Chattanooga, TN Part III: Chickamauga Battlefield
Hixson, TN - Events of Friday, October 13, 2012
The other main part of Chickamauga and Chattanooga National Military Park is located about 20 minutes south of Chattanooga just over the line in Georgia. It is here Union and Confederate forces clashed on September 19 and 20, 1863 prior to the Battles of Lookout Mountain and Missionary Ridge that we reported on in our last post.
It was a good thing we went to Lookout Mountain on Thursday so we could enjoy the spectacular views because Friday morning was cloudy and rainy. Fortunately, the rain stopped before we got to Chickamauga Battlefield, but the clouds persisted.
Chickamauga Visitor Center has more extensive information about the battle including an excellent video. That and the fact the Battle of Chickamauga Creek took place before the Battle of Lookout Mountain are good reasons why it would have been better to see Chickamauga Battlefield first. However, we wanted to take advantage of the clear weather to see Lookout Mountain, so Chickamauga had to wait until Friday.
When we arrived, we had about 30 minutes until the next showing of the video, so we checked out the displays of battlefield artifacts in the small museum in the visitor center.
The visitor center also houses the Fuller Collection of American Military Shoulder Arms, which is a collection of 346 long guns, many of which are rare or even one of a kind.
An electronic map at the visitor center is very helpful in visualizing troop movements before, during and after the battle.
Following the Union capture of the city of Chattanooga on Sept. 9, 1863, the Confederate troops withdrew to Lafayette (pronounced la-FAY-ette), Georgia where they received reinforcements. The Confederates were determined to re-take Chattanooga, so they began to march northward on Sept. 17.
The Confederates encountered Union troops south of Chattanooga, and there were a few skirmishes on Sept. 18. Fighting began in earnest on Sept 19 near the banks of Chickamauga Creek. Both sides fought hard all day, and the Confederates eventually pushed the the main body of the Union forces back to Lafayette Road. The following day, fighting resumed, and the Confederates tried to maneuver themselves between the Union forces and Chattanooga to cut the Union off.

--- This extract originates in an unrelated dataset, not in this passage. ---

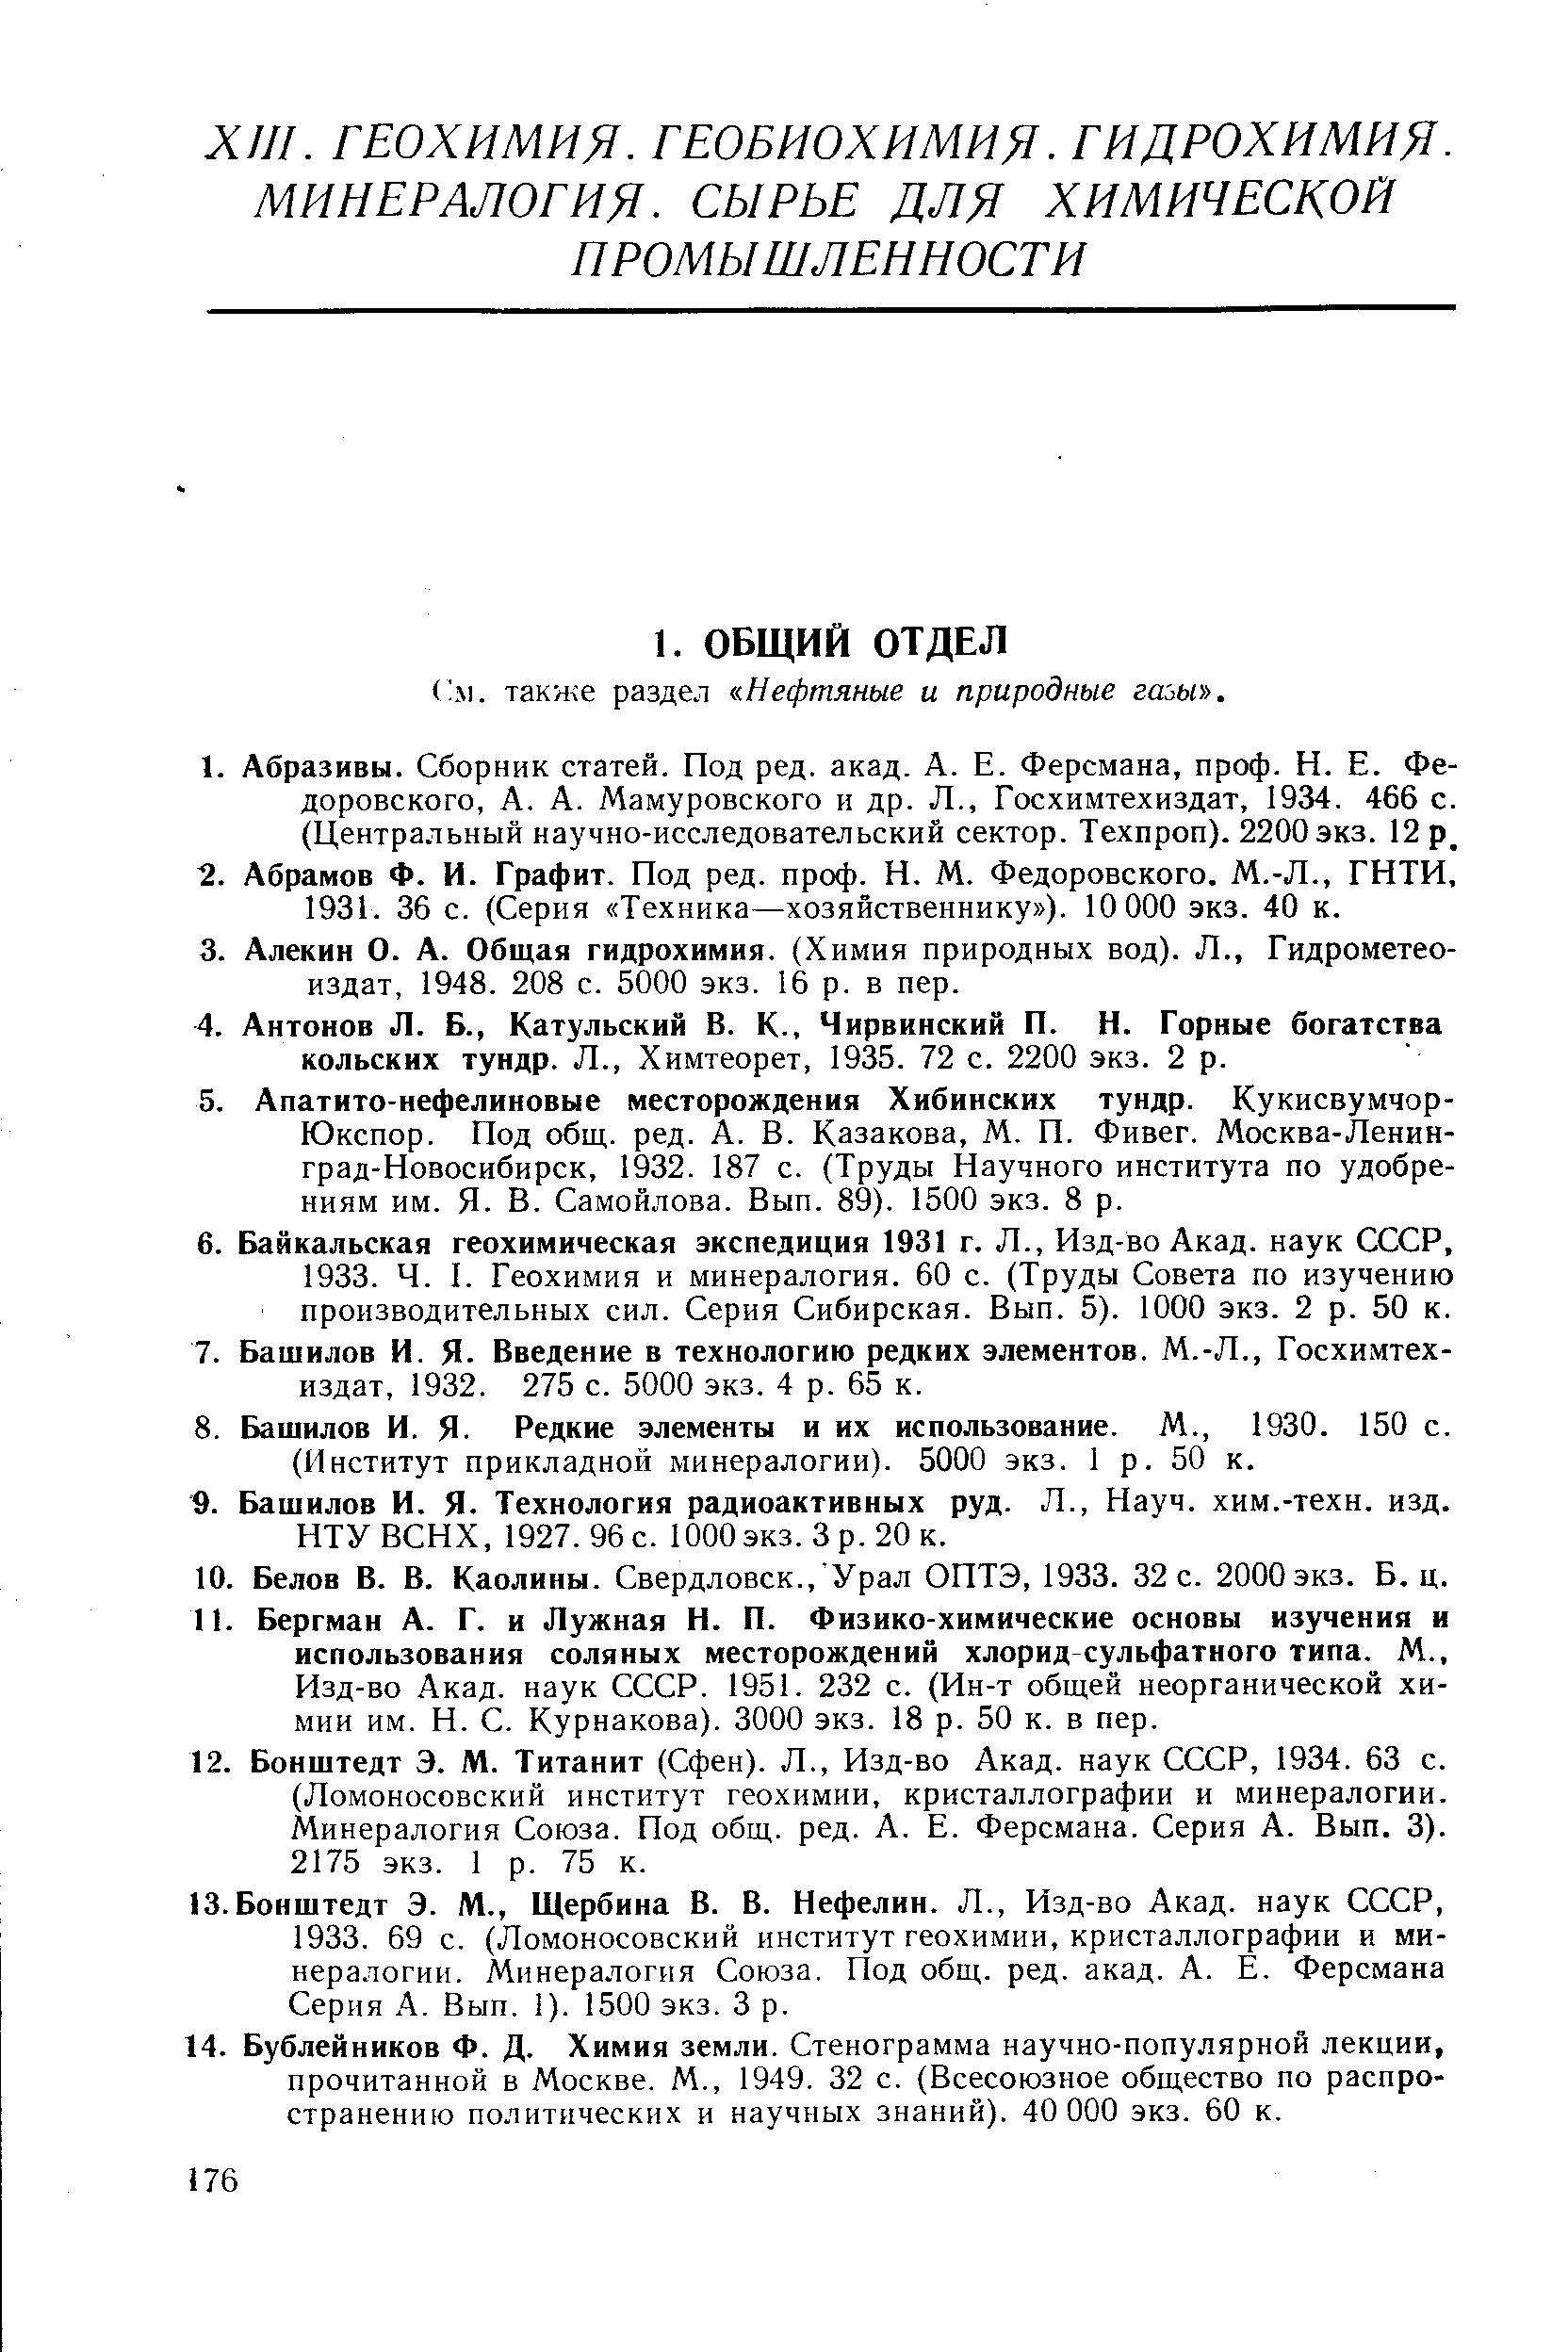 КОЛЬСКИХ тундр, л., Химтеорет, 1935. 72 с. 2200 экз. 2 р.

As the Confederates were trying to outflank the Union forces, a gap suddenly opened in the middle of the Union line due to a miscommunication on the Union side. The Confederates smashed through, and the rout had begun. Some of the Union forces withdrew to Chattanooga right away, and others retreated to Snodgrass Hill where they took a stand. The Union troops on Snodgrass Hill held their ground against repeated Confederate assaults during the day, but they also eventually withdrew to Chattanooga.
After we watched the video, we headed out on the 7-mile, self-guided driving tour around the battlefield. Most Civil War battles were fought in open fields, but this area is heavily wooded which made keeping track of troops and communicating very difficult. That may be what caused the the gap in the Union line that allowed the Confederates to break through.
The road shown below passes the main area of the Union lines. Most of the monuments in this area were for various divisions from Ohio and Indiana.
Over on the Confederate side, the Georgia had one of the largest monuments. That is only fitting since the battle took place in Georgia.
The largest monument in the Park is on Snodgrass Hill and is dedicated to the Union soldiers under the command of General Thomas who became known as "the rock of Chickamauga" because of the heroic stand he and his men took there.
Following the defeat of the Union Army at Chickamauga, the Confederates failed to follow through and capitalize on that defeat and re-take Chattanooga. The Union forces in Chattanooga were reinforced by October, and as we described in our last post, they eventually ousted the Confederates from Lookout Mountain, Missionary Ridge and most of the entire area.
The failure of the Confederates to re-take Chattanooga sounded a death knell for the South. Sherman's Atlanta Campaign, a.k.a Sherman's March to the Sea, was launched from Chattanooga the following spring. That campaign totally demoralized the South. General Robert E. Lee surrendered at Appomattox Courthouse on April 9, 1865.
On our way back to the motor home from Chickamauga Battlefield, we stopped at Qdoba in Chattanooga for a late lunch. Chattanooga isn't huge as cities go, but this is the first and only Qdoba we have ever seen in a downtown setting. They are usually in suburban strip malls.